What the Document Actually Says
This is the final Concept Paper deliverable foreseen under the EASA Artificial Intelligence Roadmap 2.0 [2]. The document uses development assurance level (DAL) for initial and continuing airworthiness and air operations, and software assurance level (SWAL, AL) for air traffic management. Table 2 in the document highlights the limitations currently observed based on the available means of compliance and the state of the art of technology [3].
On scale direction: the assurance vocabulary runs from the most demanding level at the top to the least demanding at the bottom. IDAL A and B, along with SWAL 1 or 2 and AL 1 or 2, represent the highest and currently excluded assurance levels, while DAL D / SWAL 4 / AL 5 represent the floor, the only tier currently accepted for AI/ML constituents [3]. AL 5 is the lowest assurance level on a five-point scale where AL 1 is the most stringent. For founders: your LLM cannot be used in any application where the consequence of failure rises above that floor.

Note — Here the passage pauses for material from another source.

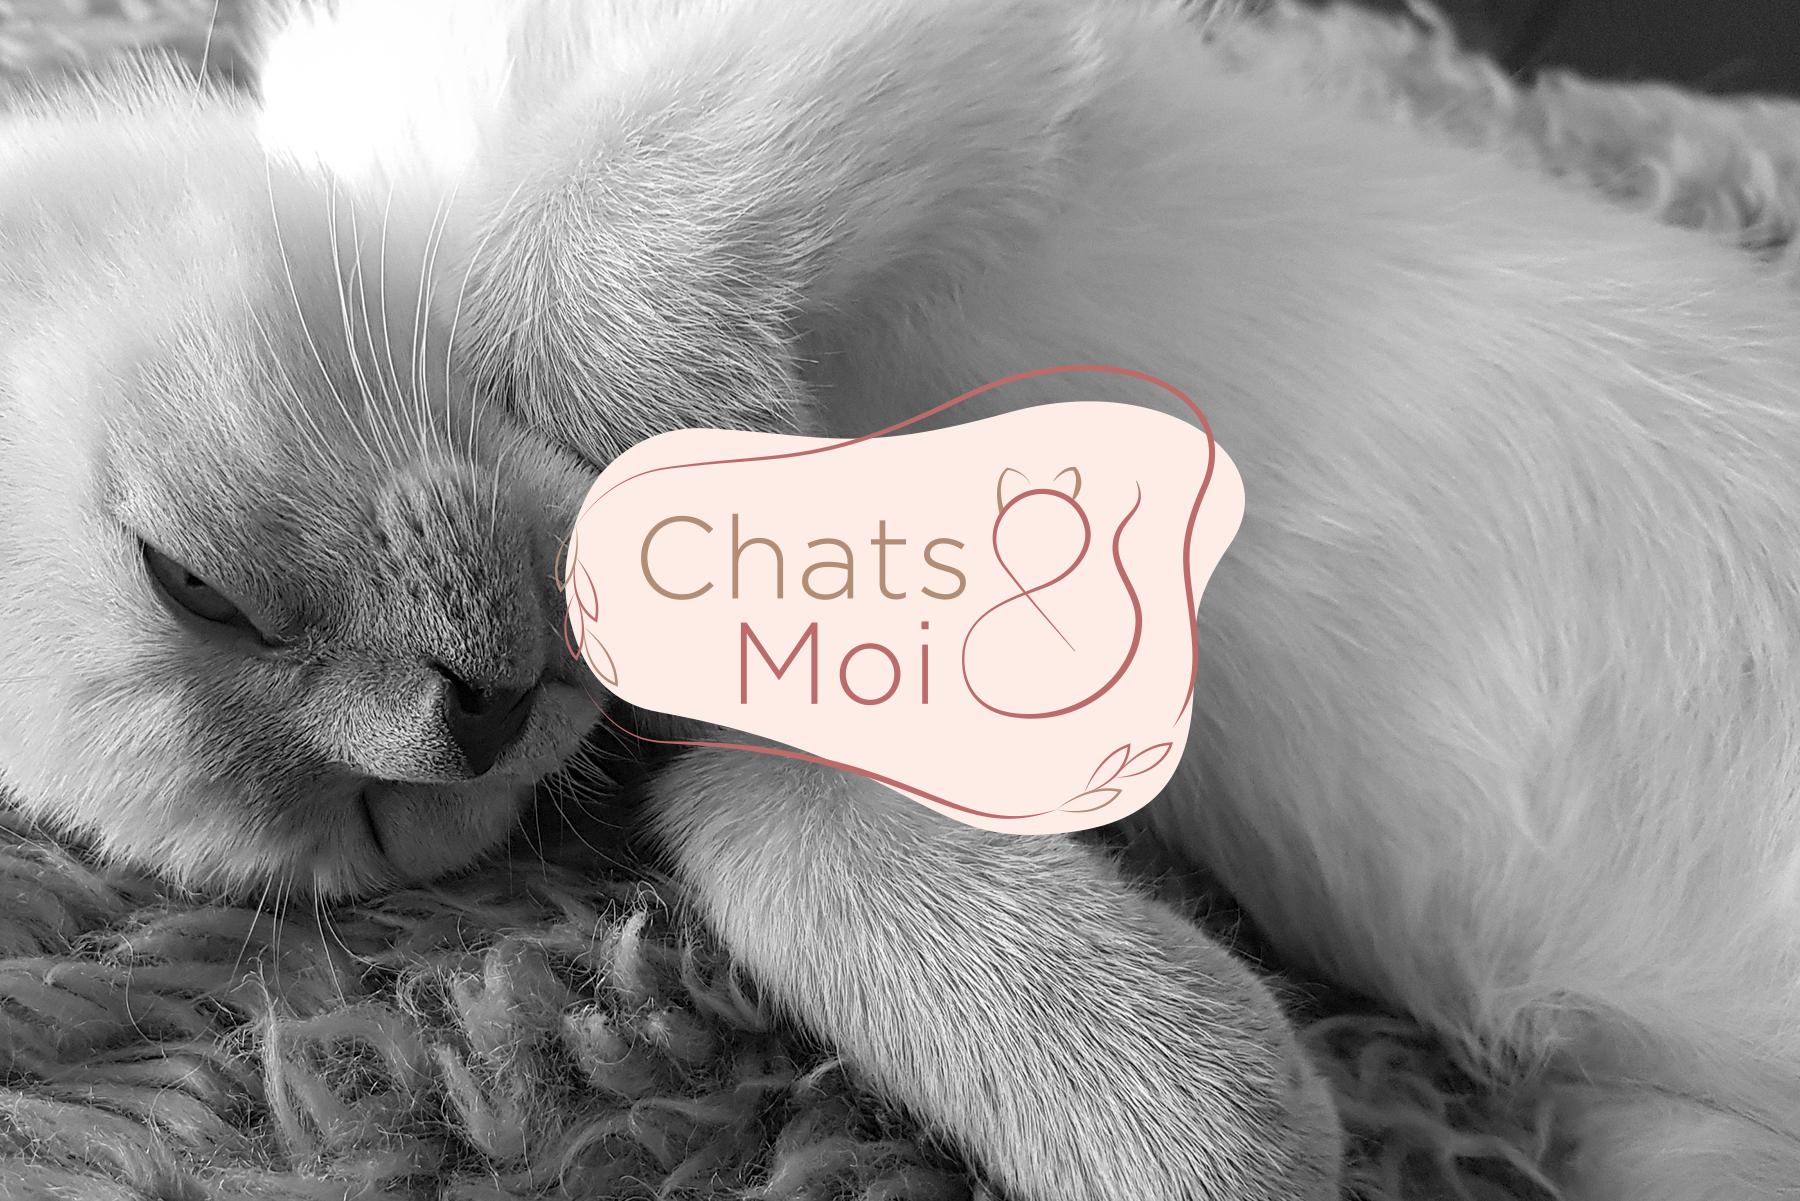 Chats&Moi

The engineering reason for the ceiling is stated precisely. AI assurance differs from traditional development assurance because the system's intended function is driven by data, scenarios, or knowledge, making full requirements-design-implementation traceability infeasible [3]. The document draws a clear distinction between AI/ML models of reasonable size, for which a design process is fully managed, and large off-the-shelf models like general-purpose LLMs, for which the number of parameters and the nature of the training data render the control of the design process intractable [3].
The word intractable is doing significant work here. EASA is not saying LLMs perform poorly. It is saying they cannot be subjected to the design-process control that higher assurance levels require.
Understanding and mitigating emergent behaviours is identified as a new challenge [3]. Emergent behaviour is not a defect you can trace to a line of code or a mislabelled datum. It arises from interactions among billions of parameters trained on non-tractable corpora. The W-shape process adapts the classical V-shape development assurance process to the realities of AI development, but that adaptation is premised on gaining controlled confidence in the data, scenarios, and knowledge that drive the system's intended behaviour [3]. With a general-purpose LLM, that confidence path is broken before you even start.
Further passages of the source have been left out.